Santorini, die griechische Vulkaninsel in der Ägäis, aus der Vogelperspektive: links die Hauptinsel Thira, Nea Kameni in der Mitte der Caldera und rechts Thirasia, die den nordwestlichen Rand des Beckens bildet. Foto: Imago/Joker

Santorini ist eine der schönsten Kykladen-Inseln – und eines der am besten erforschten Vulkan-Archipele. Forscher haben jetzt mit Hilfe eines Forschungsbohrschiffs Beweise für eine bisher nur aus historischen Quellen bekannte Unterwasser-Eruption im Jahr 726 n. Chr. gefunden. Eine Spurensuche.

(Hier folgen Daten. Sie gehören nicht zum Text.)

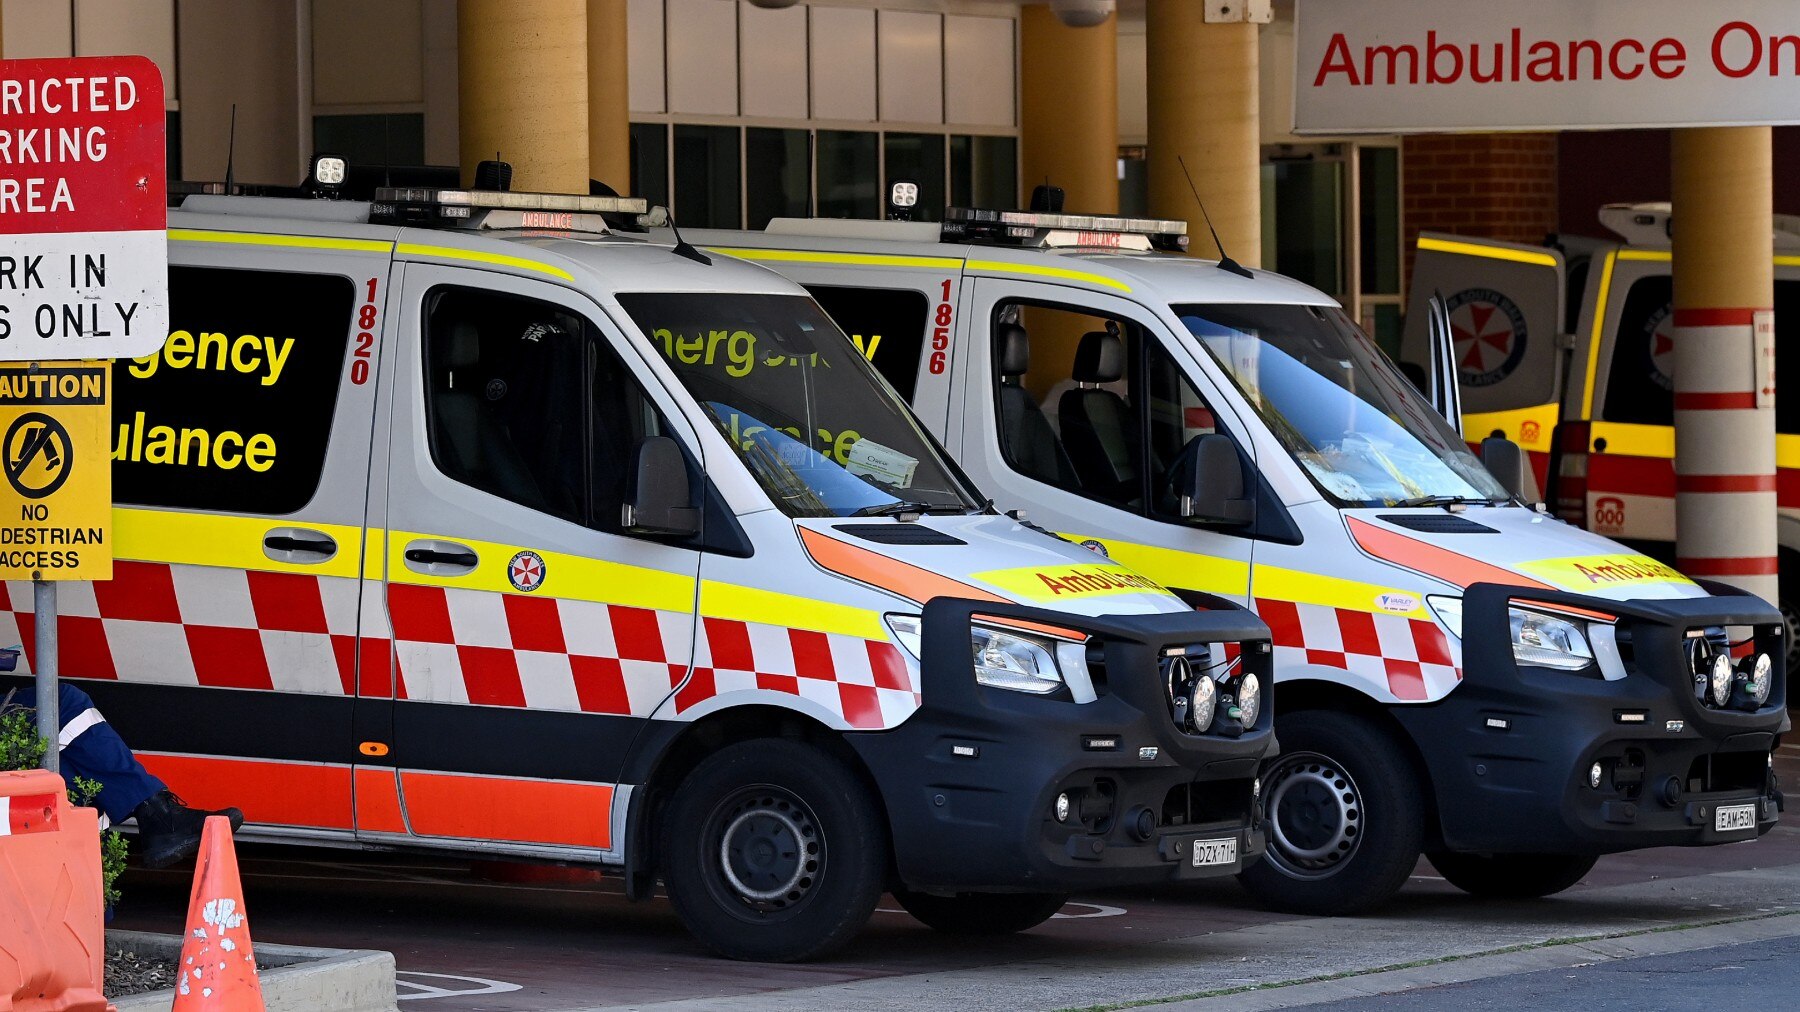 Ambulances AAP Image/Bianca De Marchi

Die Sonne sinkt über der Caldera von Santorini. Gäbe es nichts anderes auf diesem Archipel am Südrand des Ägäischen Meeres, keine weißen Häuser, die tollkühn wie Adlerhorste in die dunklen Felsen gesetzt sind, keine Kirchen mit wasserblauen Kuppeln, keine engen Gassen und keine schwarzen Strände - der Sonnenuntergang alleine wäre Grund genug hierher zu kommen.

Thira, die Hauptinsel des Santorini-Archipels. Foto: Imago/Imagebroker
Thira, Nea Kamei und Thirasia sind die Überreste der ursprünglichen Insel. Foto: Imago/Imagebroker
Der gesamte Archipel hat einen Durchmesser von etwa 16 Kilometern. Die Gesamtfläche beträgt rund 92,5 Quadratkilometer. Foto: dpa/Philipp Laage

1525 v. Chr.: Halb Santorini versinkt im Meer

Santorini ist eine Vulkaninsel in den Kykladen, seine Kultur dem ständigen Vernichtungsrisiko zum Trotz älter als Athen. Die Phönizier nannten sie „Kalliste“, die Schöne. Mancher munkelt, Santorini sei das verlorene Atlantis. Ein gewaltiger Ausbruch mit einer hundert Meter hohen Flutwelle versenkte um 1525 v. Chr. das halbe Eiland im Meer.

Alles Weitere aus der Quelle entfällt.